Thursday, July 07, 2005

That stupid boy scout kid.

Whats wrong with this picture. I kind of was happy to find out this little piece of white trash was still running around in the hills of Utah after that long search. Then I found out they could of saved his ass a lot earlier. The parents kept bragging how their kid knew all these wilderness survival techniques from years of boy scouting and camping. But during the search, the parents conveniently left out the fact that their son was a bonified idiot with the brains of one of those lemmings that are always flying off a cliff. The kid knew to get away from trees and stick to wide open spaces so he can be easily spotted, but whats really moronic is the kid was supposed to be careful and stay away from strangers. The kid was sticking to the rules of looking for help in wide open spaces but kept hiding when someone got close to finding him?? This has got to be the single most stupid thing I ever heard.

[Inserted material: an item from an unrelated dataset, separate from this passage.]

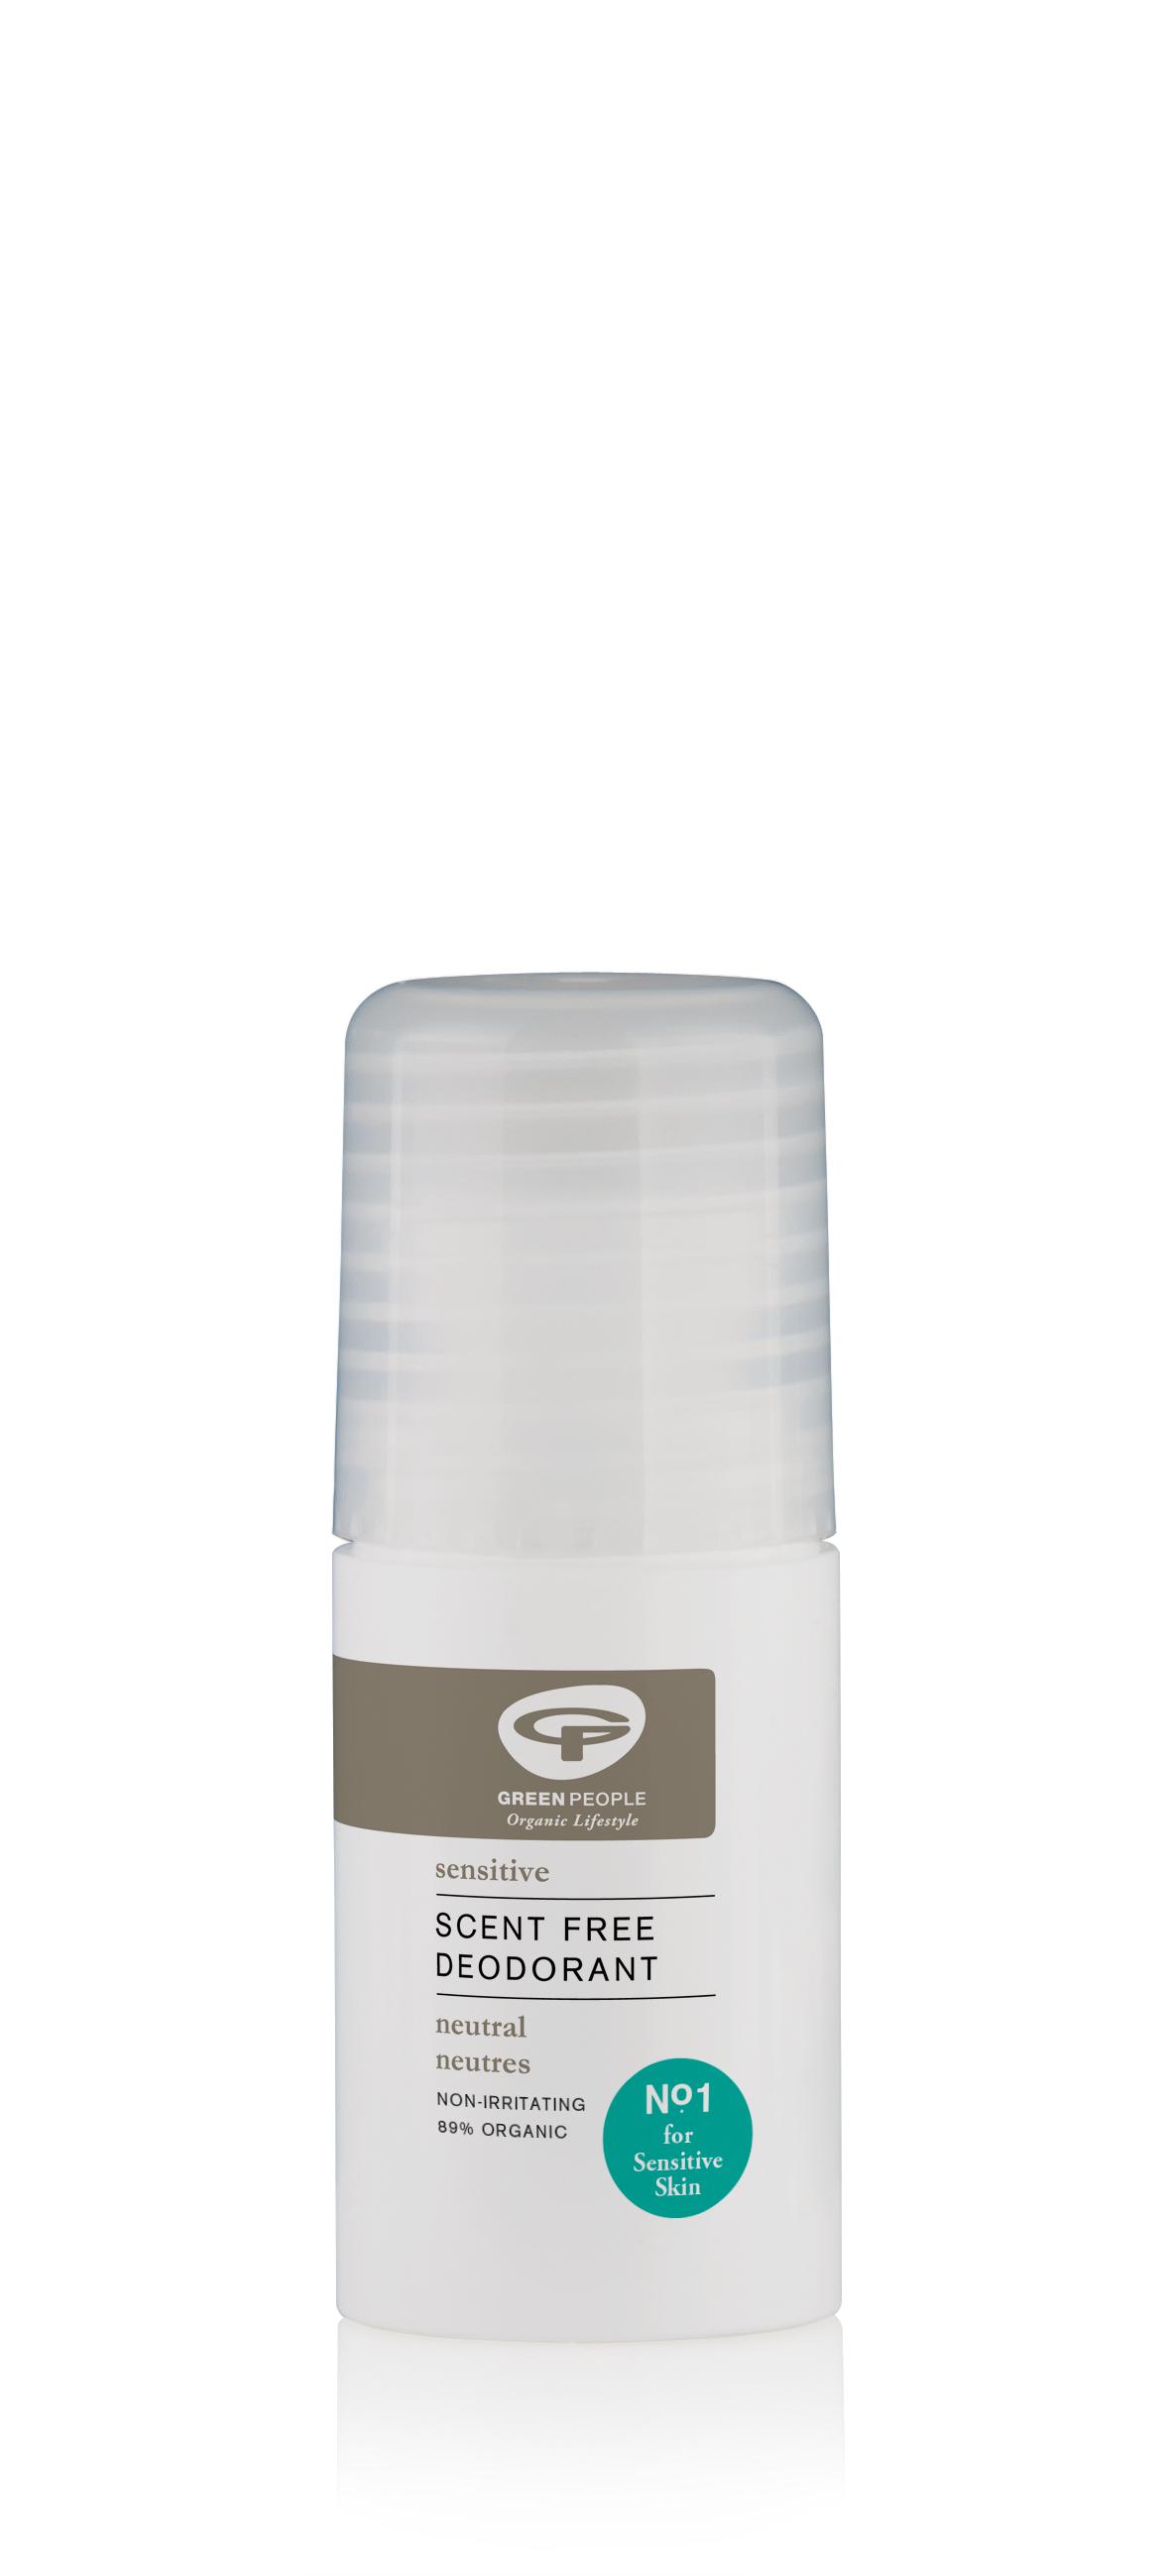 Scent Free Deodorant (Sensitive) 75ml

When I found out the kid could have been saved numerous times I wish a bear had eaten him. This is why its against the law for family members to reproduce. Next time one of those Inbred Jeds from Utah gets lost and they need to do a big search, I hope they remember this little retard. They should put him through one of those gauntlets like they did on the old ships when they caught someone stealing food. All the people that wasted their time in the search line up in two rows with sticks, ropes and 2 X 4s, while the person runs through them they just let him have it. Allright, maybe thats a bit too drastic, but the getting eaten by a bear would be acceptable. This punk kid verifies everything I ever thought of the boy scouts. Their just a bunch of wimps. We used to laugh at them when we were kids and we'd call them the pickles. When we'd see them coming through the sage brush doing their expeditions we'd throw rocks at them and shoot them with our B.B. guns. You really wanna toughen up your kid and teach them the facts of life, then you do what my dad did. You just drop off your kid in the middle of the worst slum in New York and drive off telling the little bastard to find his way home.